** Supplied information **

=== Section Start ===

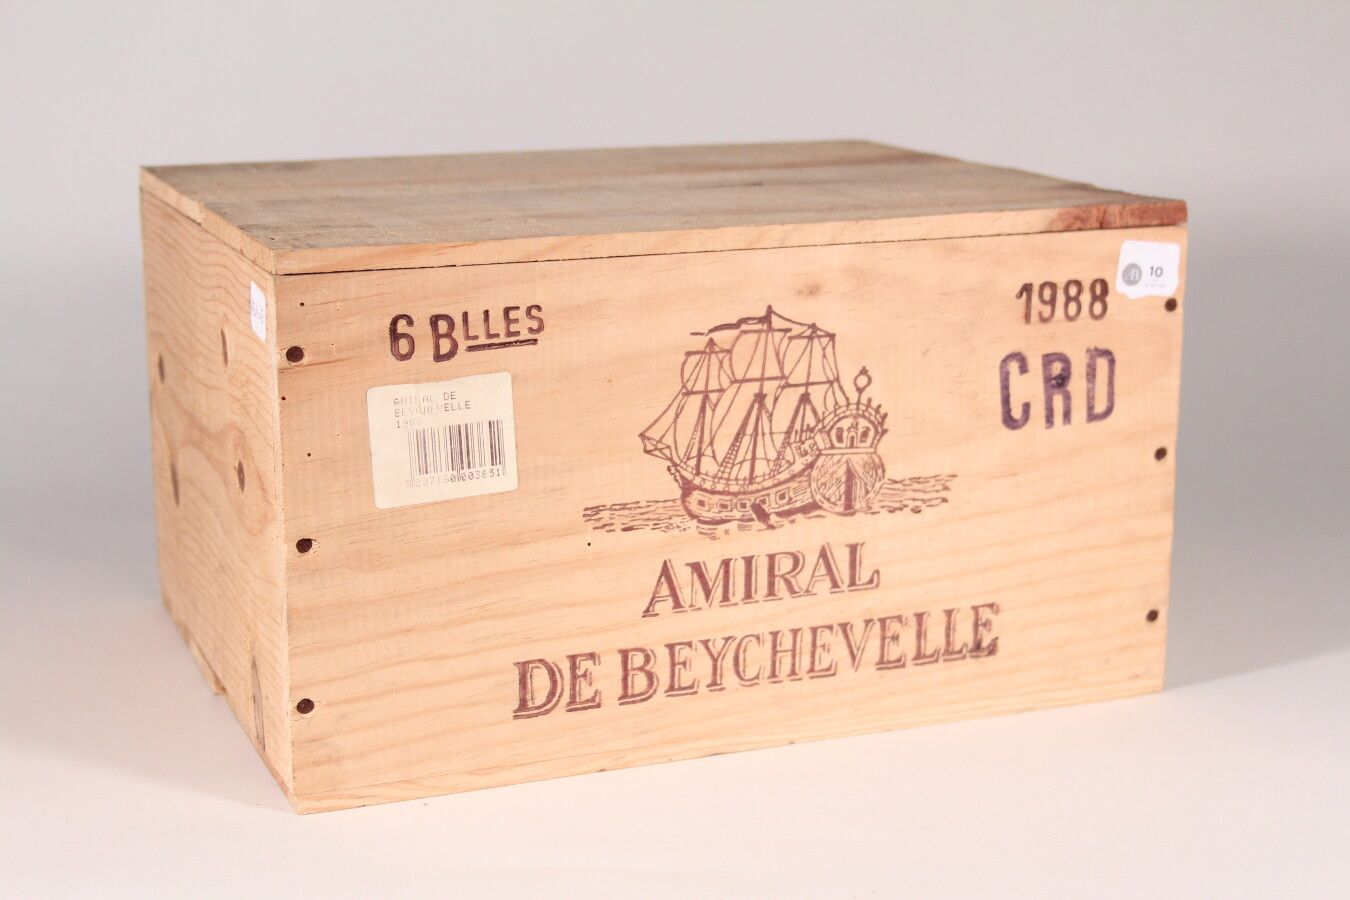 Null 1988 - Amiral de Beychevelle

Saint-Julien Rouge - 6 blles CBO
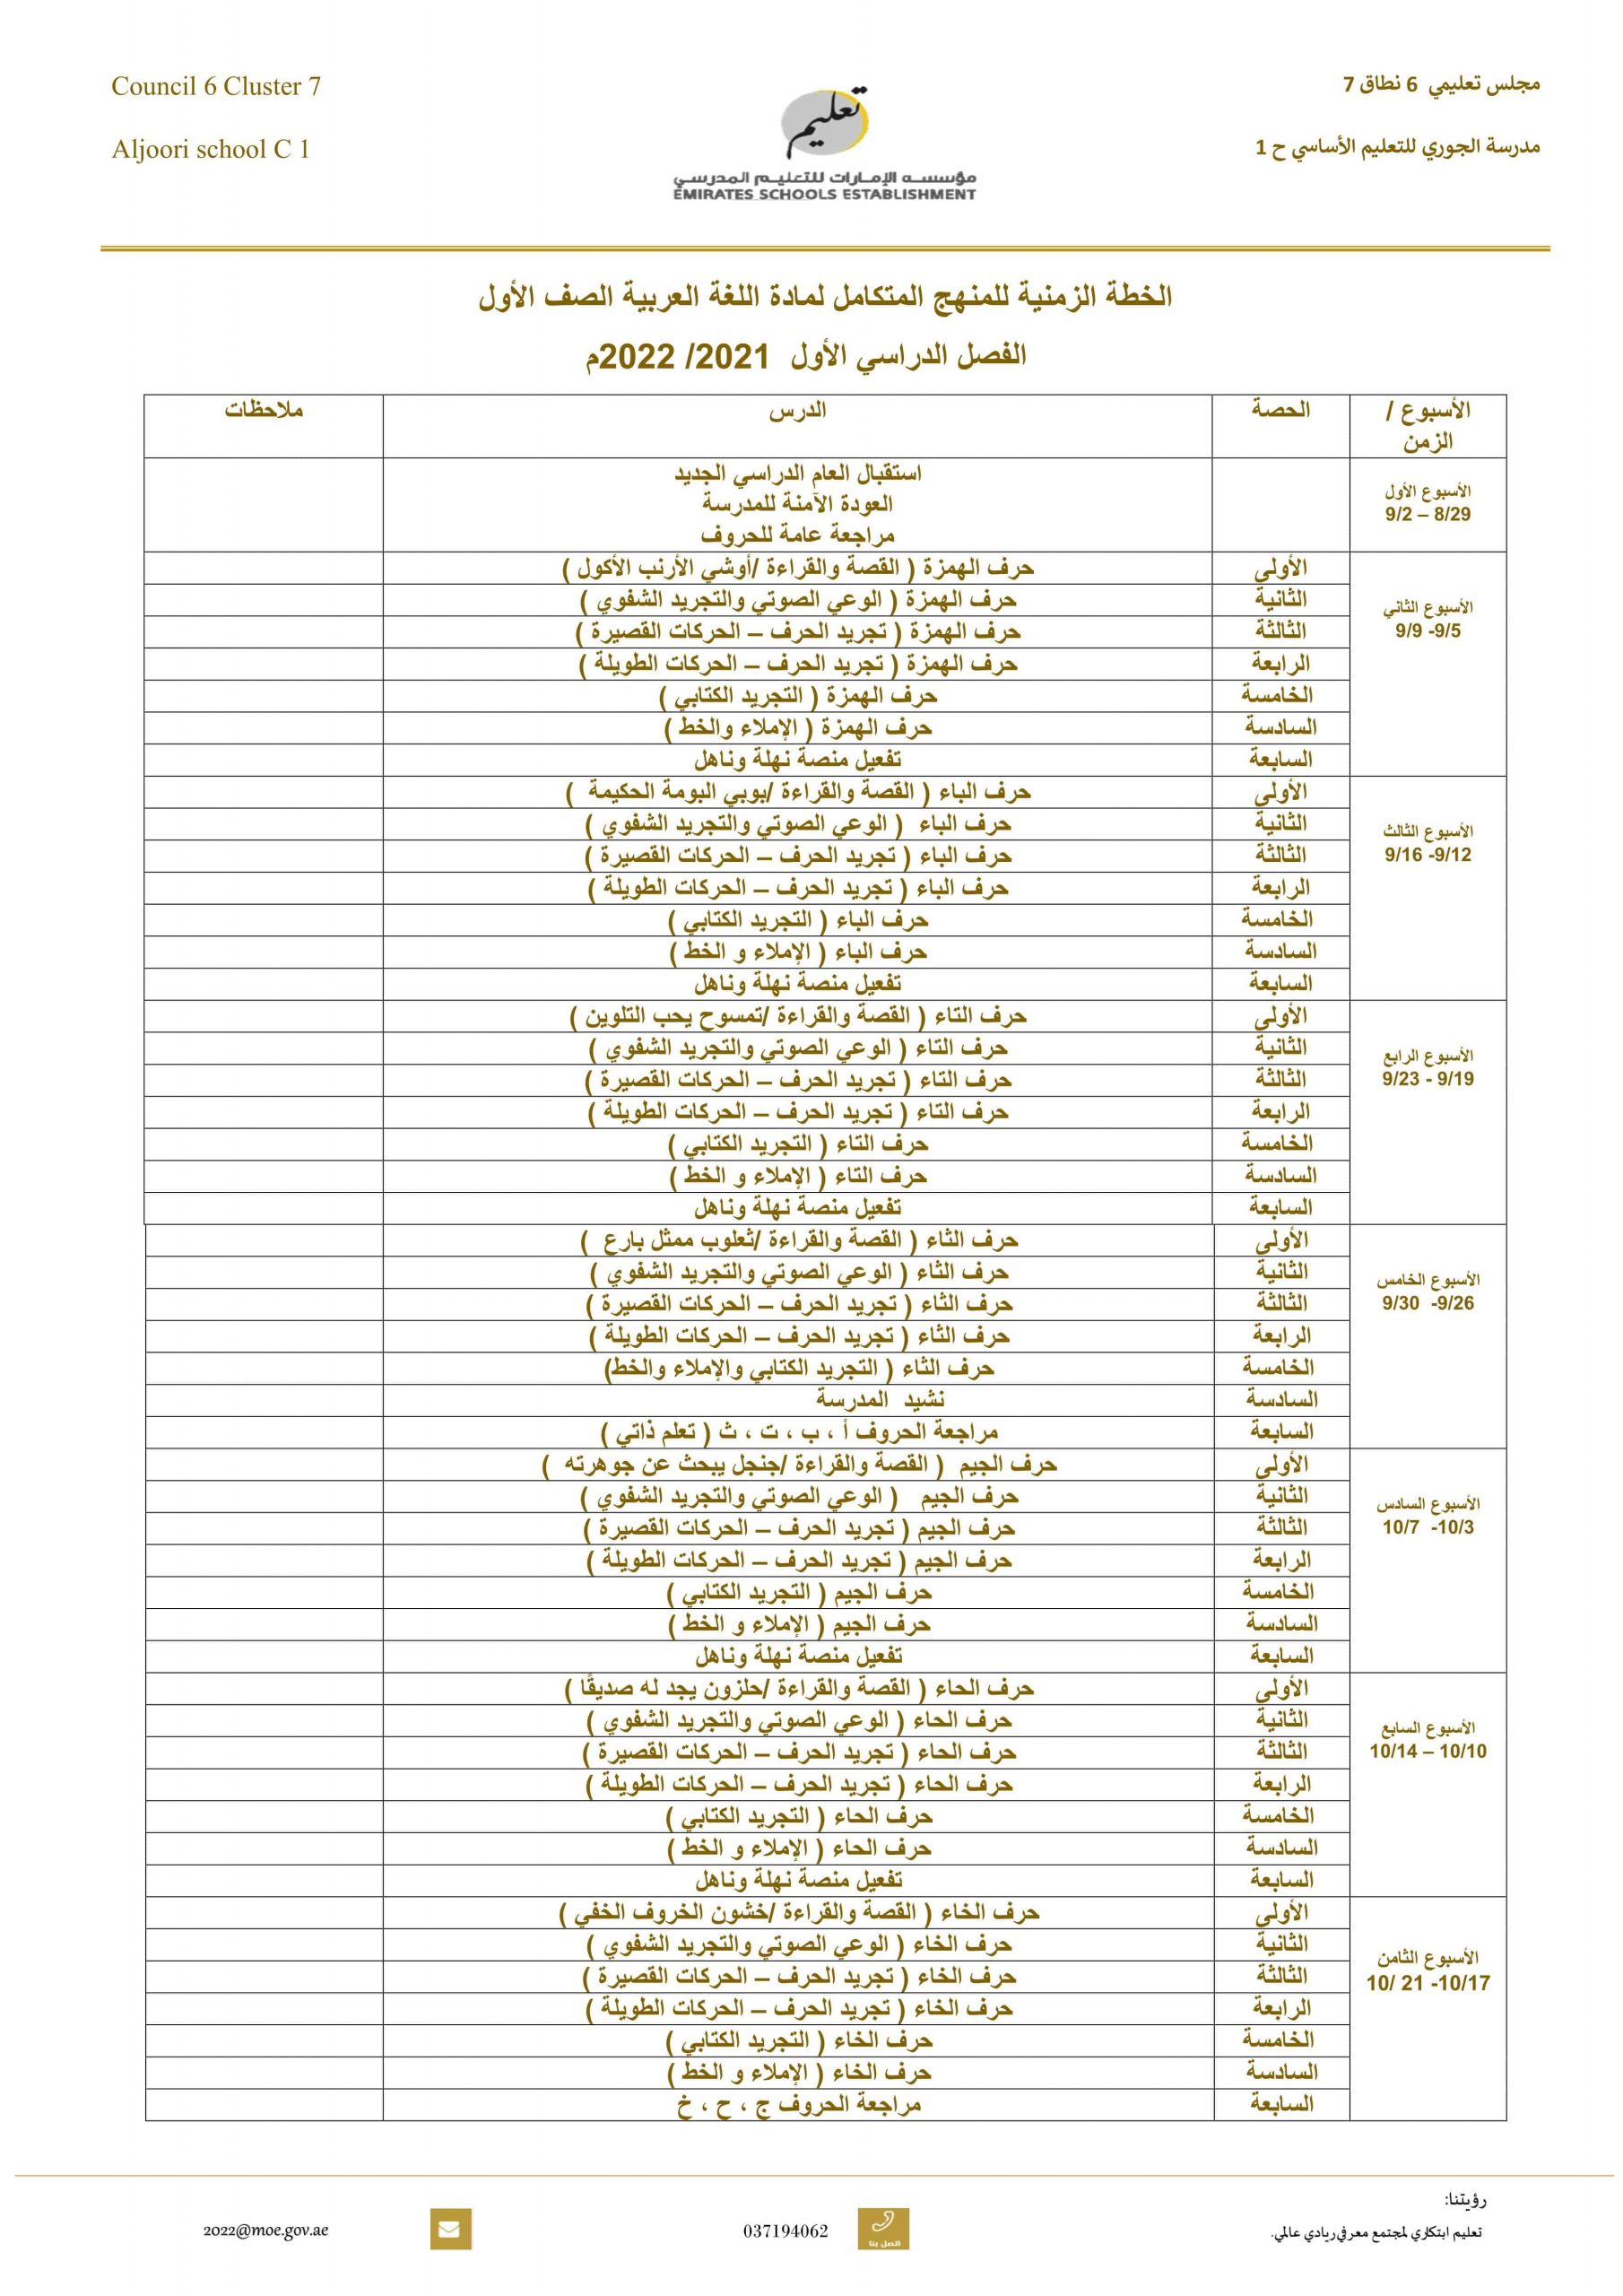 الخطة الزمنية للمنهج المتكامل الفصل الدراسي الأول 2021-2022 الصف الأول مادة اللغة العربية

=== Section End ===

** About this task **
Go through the material above and retype every line exactly, without the images.

** Task solution **
 Null 1988 - Amiral de Beychevelle

Saint-Julien Rouge - 6 blles CBO
 الخطة الزمنية للمنهج المتكامل الفصل الدراسي الأول 2021-2022 الصف الأول مادة اللغة العربية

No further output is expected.